The [tuning] defaults are sized for a 1-vCPU / 512 MB VPS. Bigger hosts can lift the memory-bound knobs proportionally. None of these numbers need to be exact - they are starting points; bump and re-measure under your actual peak load.

The knobs split into three groups:

RAM-bound (drive from host RAM): conntrack_max, conntrack_hashsize, rmem_max, wmem_max, netdev_max_backlog.
Workload-bound (don't scale with hardware): udp_timeout stays short (kill dead one-way records fast); udp_timeout_stream stays at the kernel default so quiet phases don't drop the flowtable mapping.
Leave alone: netdev_budget / netdev_budget_usecs are caps, not targets - raising them only helps once NAPI actually hits them, and at the cost of softirq tail-latency. See When to raise.

By RAM

host RAM	`conntrack_max`	`conntrack_hashsize`	`rmem_max` / `wmem_max`	`netdev_max_backlog`
512 MB	`32768`	`32768`	`1048576` (1 MB)	`4096`
1 GB	`65536`	`65536`	`2097152` (2 MB)	`8192`
2 GB	`131072`	`131072`	`4194304` (4 MB)	`16384`

Worst-case nf_conntrack memory ≈ conntrack_max × ~400 B for entries plus conntrack_hashsize × 16 B for the hashtable (~50 MB at the 2 GB row). rmem_max / wmem_max are caps, not allocations - lifting them on a big host costs nothing until an app actually asks for the buffer.

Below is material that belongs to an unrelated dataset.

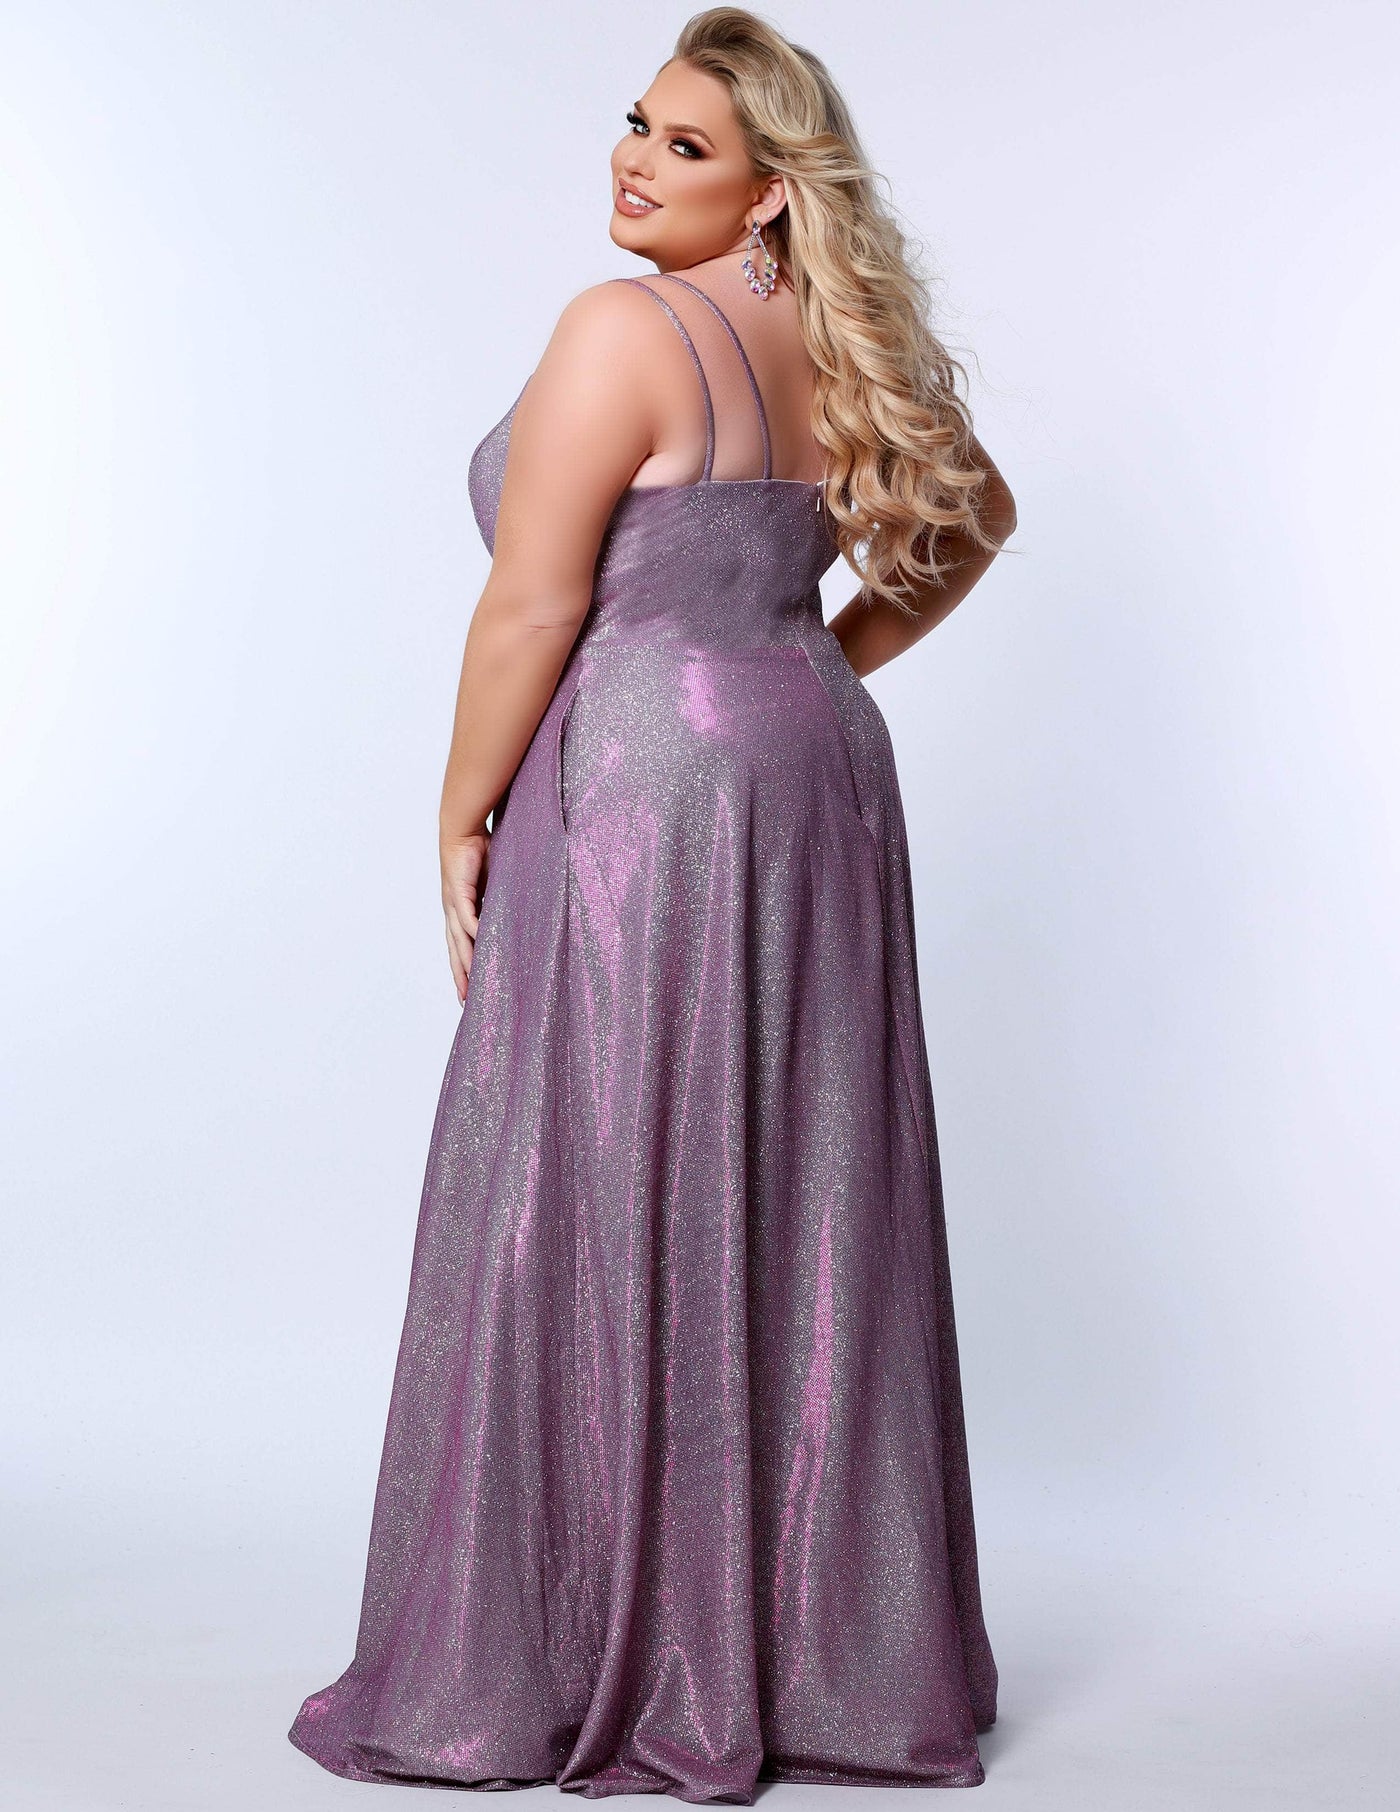 Sydney's Closet SC7349 - Scoop Neck Shimmer Prom Gown Special Occasion Dress

When to raise `netdev_budget` / `netdev_budget_usecs`

These are caps on a single NAPI poll cycle. If your PPS never makes NAPI hit them, raising them changes nothing. If it does, raising them trades userspace tail-latency for fewer softirq->ksoftirqd reschedules - usually the wrong trade on a latency-sensitive game forwarder.

Use /proc/net/softnet_stat (one row per CPU, hex columns) as evidence: column 1 = packets processed, column 2 = dropped (backlog overflow - bump netdev_max_backlog), column 3 = time_squeeze (NAPI hit the cap and bailed). If column 3 grows steadily under load, try 600 / 4000 and re-measure. Past 1500 / 20000 you start hurting userspace latency on non-dedicated cores.

Combined presets

netdev_budget / netdev_budget_usecs keep their kernel defaults in every preset; raise them only on time_squeeze evidence.

512 MB / 1 vCPU (shipped default):

[tuning]
conntrack_max          = 32768
conntrack_hashsize     = 32768
rmem_max               = 1048576
wmem_max               = 1048576
netdev_max_backlog     = 4096
netdev_budget          = 300
netdev_budget_usecs    = 2000
udp_timeout            = 5
udp_timeout_stream     = 120

1 GB / 2 vCPU:

[tuning]
conntrack_max          = 65536
conntrack_hashsize     = 65536
rmem_max               = 2097152
wmem_max               = 2097152
netdev_max_backlog     = 8192
netdev_budget          = 300
netdev_budget_usecs    = 2000
udp_timeout            = 5
udp_timeout_stream     = 120

2 GB / 3 - 4 vCPU:

[tuning]
conntrack_max          = 131072
conntrack_hashsize     = 131072
rmem_max               = 4194304
wmem_max               = 4194304
netdev_max_backlog     = 16384
netdev_budget          = 300
netdev_budget_usecs    = 2000
udp_timeout            = 5
udp_timeout_stream     = 120

Scaling further

Past 2 GB / 4 vCPU, the rough rules of thumb:

conntrack_max / conntrack_hashsize: keep them 1:1, double per doubling of RAM, then cap at your actual peak number of concurrent flows + ~50% headroom. Read the live count under load via cat /proc/sys/net/netfilter/nf_conntrack_count and size from there. Past 256k-512k entries the hashtable starts taking real memory; on a forwarder with notrack on the tunnel transport port and flowtable on the hot path, you rarely need more than 128k.
rmem_max / wmem_max: these caps mostly affect TCP applications running on the box (sshd, monitoring, etc.), not forwarded traffic
- flowtable and DNAT'd flows don't allocate per-socket buffers. Stop bumping at 4-8 MB; further increases buy nothing on a pure NAT host.
netdev_max_backlog: scale with your peak per-CPU PPS - rule of thumb is ≥ peak_pps_per_cpu × 2 ms plus a comfortable cushion for bursts. For practical purposes 16k - 32k covers most workloads.
netdev_budget / netdev_budget_usecs: don't bump these on spec - bump them on evidence (time_squeeze in /proc/net/softnet_stat). See When to raise.
udp_timeout / udp_timeout_stream: don't change with hardware. Lower udp_timeout only if nf_conntrack: table full despite a high conntrack_max. Keep udp_timeout_stream at the kernel default (120); lowering it drops the flowtable mapping during quiet phases.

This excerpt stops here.